Note that SQL Server was accurate to 1/300th of a millisecond so we are divide by 3.333333?
byte[] Daysarray = Bitconverter.getbytes (days. Days);?
byte[] Msecsarray = Bitconverter.getbytes ((long) (msecs. totalmilliseconds/3.333333));?
Reverse the bytes to match SQL Servers ordering?
Array.reverse (Daysarray);?
Array.reverse (Msecsarray);?
Copy the bytes into the GUID?
Array.copy (Daysarray, Daysarray.length-2, Guidarray, guidarray.length-6, 2);?
Array.copy (Msecsarray, msecsarray.length-4, Guidarray, guidarray.length-4, 4);?
return new System.Guid (Guidarray);?
}?
//================================================?
/
<summary>?
Generate time information from the GUID returned by SQL SERVER?
</summary>?
<param name= "GUID" > Comb </param&gt with time information;?
<returns> time </returns>?
public static DateTime Getdatefromcomb (System.Guid Guid)?
{?
DateTime basedate = new DateTime (1900,1,1);?
byte[] Daysarray = new byte[4];?
byte[] Msecsarray = new byte[4];?
Byte[] Guidarray = GUID. Tobytearray ();?
Copy the date parts of the GUID to the respective byte arrays.?
Array.copy (Guidarray, Guidarray.length-6, Daysarray, 2, 2);?
Array.copy (Guidarray, guidarray.length-4, Msecsarray, 0, 4);?
Reverse the arrays to put them into the appropriate order?
Array.reverse (Daysarray);?
Array.reverse (Msecsarray);?
Convert the bytes to ints?
int days = Bitconverter.toint32 (Daysarray, 0);?
int msecs = Bitconverter.toint32 (msecsarray, 0);?
DateTime date = Basedate.adddays (days);?
Date = date. Addmilliseconds (msecs * 3.333333);?
return date;?
}?
The above six kinds of primary key selection strategy, I think the use of "comb (Combine)" Type key is the appropriate primary key application strategy, but in the actual use of the process according to objective practice, due to the matter of choosing the appropriate primary key, must not mechanically, self-defeating.

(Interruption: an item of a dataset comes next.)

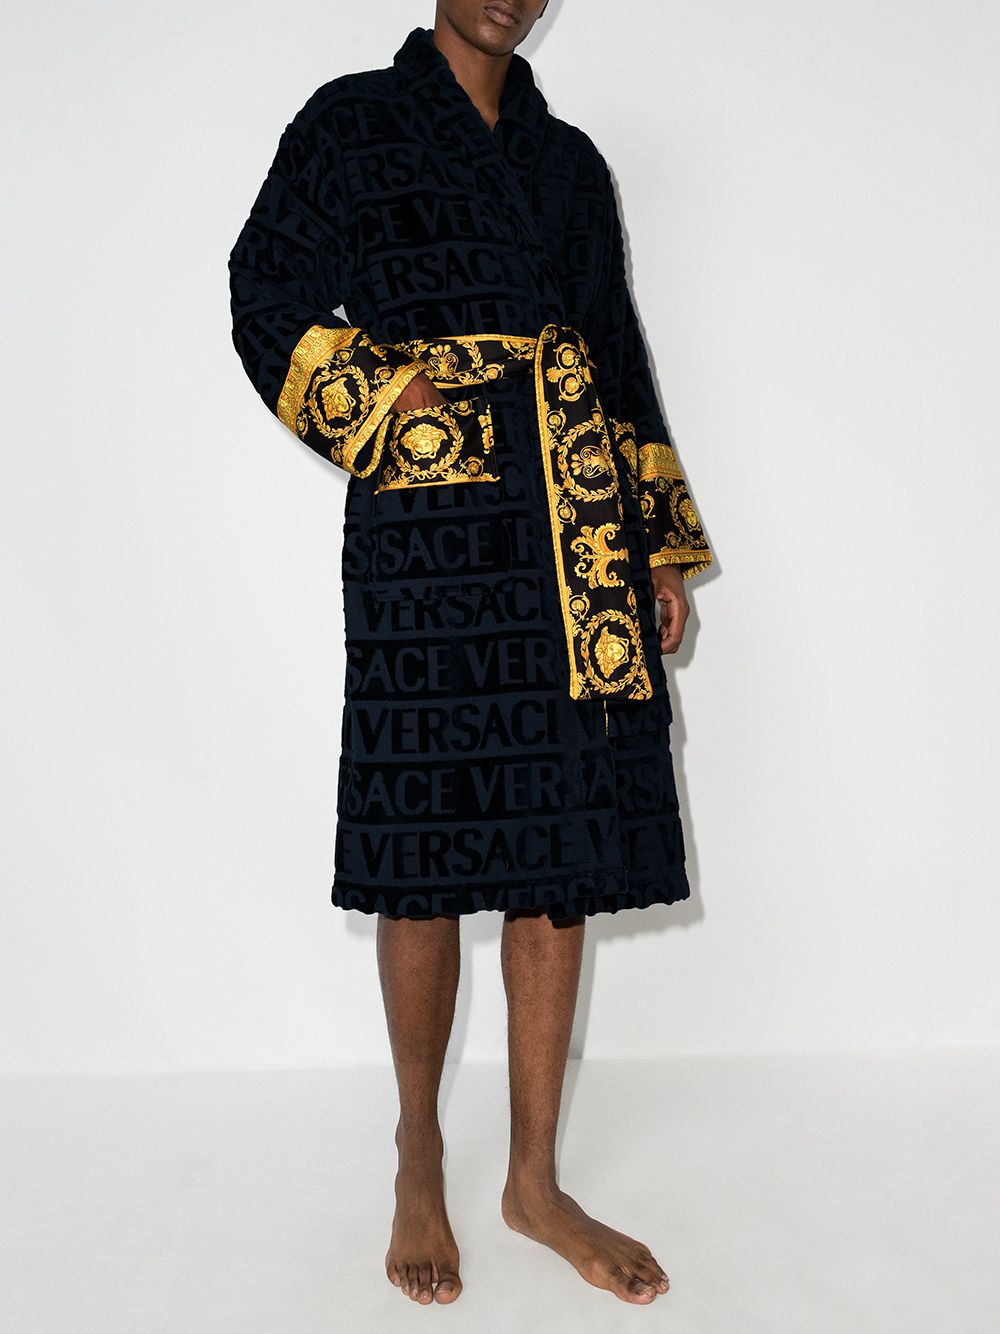 фото Versace халат i love baroque с поясом

Summary of relational database primary key

Contact Us

The content source of this page is from Internet, which doesn't represent Alibaba Cloud's opinion; products and services mentioned on that page don't have any relationship with Alibaba Cloud. If the content of the page makes you feel confusing, please write us an email, we will handle the problem within 5 days after receiving your email.

If you find any instances of plagiarism from the community, please send an email to: info-contact@alibabacloud.com and provide relevant evidence. A staff member will contact you within 5 working days.

A Free Trial That Lets You Build Big!

Start building with 50+ products and up to 12 months usage for Elastic Compute Service

  • Sales Support

    1 on 1 presale consultation

  • After-Sales Support

    24/7 Technical Support 6 Free Tickets per Quarter Faster Response

  • Alibaba Cloud offers highly flexible support services tailored to meet your exact needs.